还有另一种方法可以将多分类变成多分类问题，就是将bert的最后一层进行重写

https://blog.csdn.net/weixin_41519463/article/details/100863313

另一位大佬实现多文本分类，可以参考https://github.com/649453932/Bert-Chinese-Text-Classification-Pytorch

# 使用 transformers 提供的序列分类模型 BertForSequenceClassification
from transformers import BertForSequenceClassification

PRETRAINED_MODEL_NAME = "bert-base-chinese"
NUM_LABELS = 3

model = BertForSequenceClassification.from_pretrained(
    PRETRAINED_MODEL_NAME, num_labels=NUM_LABELS)
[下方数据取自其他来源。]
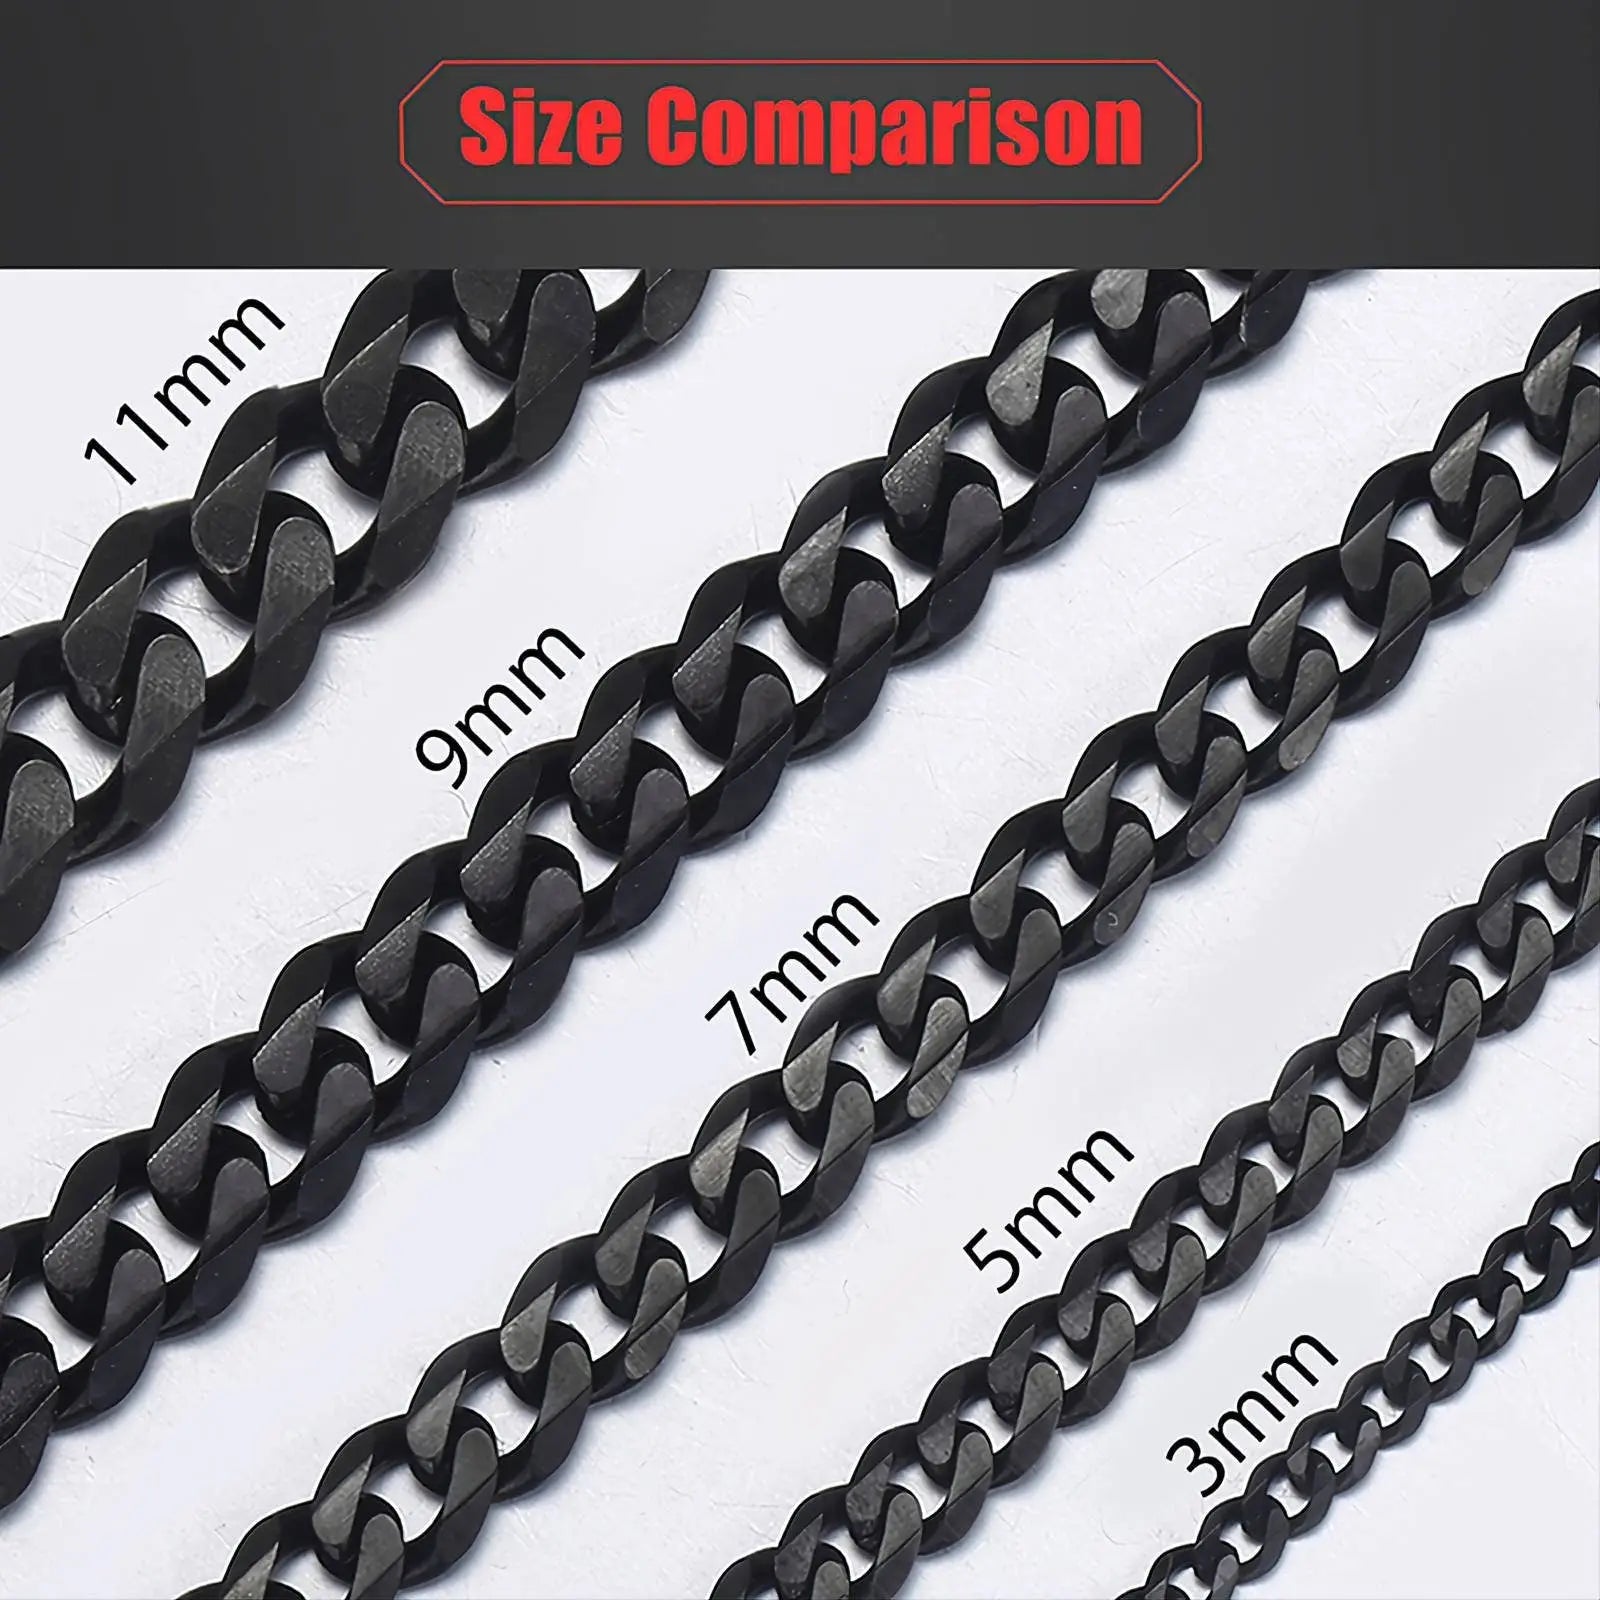 Black Cuban Link Necklace, 3mm/5mm/7mm/9mm/11mm Mens Gift, Gift for Dad, Wife Husband, Stainless Steel Necklace, Black Enamel Necklace JettsJewelers

# 在 BertModel 基础上，自己添加 Dropout 层和 线性分类层，实际效果等价于 transformers 提供的 BertForSequenceClassification
class Model(nn.Module):

    def __init__(self, config):
        super(Model, self).__init__()
        self.bert = BertModel.from_pretrained(config.bert_path)
        for param in self.bert.parameters():
            param.requires_grad = True
        self.dropout = nn.Dropout(0.3)
        self.fc = nn.Linear(config.hidden_size, config.num_classes)

    def forward(self, x):
        context = x[0]  # 输入的句子
        mask = x[2]  # 对padding部分进行mask
        seg_ids = x[3]  # 句子间的分隔情况
        _, pooled = self.bert(input_ids=context, token_type_ids=seg_ids,  attention_mask=mask, output_all_encoded_layers=False)
        out = self.dropout(pooled)
        out = self.fc(out)
        return out
 
 model = Model(config)

通过BertForSequenceClassification中 from_pretrained函数中的example我们可以清楚的知道了预训练模型的调用方法

Examples::

            # For example purposes. Not runnable.
            model = BertModel.from_pretrained('bert-base-uncased')    # Download model and configuration from S3 and cache.
            model = BertModel.from_pretrained('./test/saved_model/')  # E.g. model was saved using `save_pretrained('./test/saved_model/')`
            model = BertModel.from_pretrained('bert-base-uncased', output_attention=True)  # Update configuration during loading
            assert model.config.output_attention == True
            # Loading from a TF checkpoint file instead of a PyTorch model (slower)
            config = BertConfig.from_json_file('./tf_model/my_tf_model_config.json')
            model = BertModel.from_pretrained('./tf_model/my_tf_checkpoint.ckpt.index', from_tf=True, config=config)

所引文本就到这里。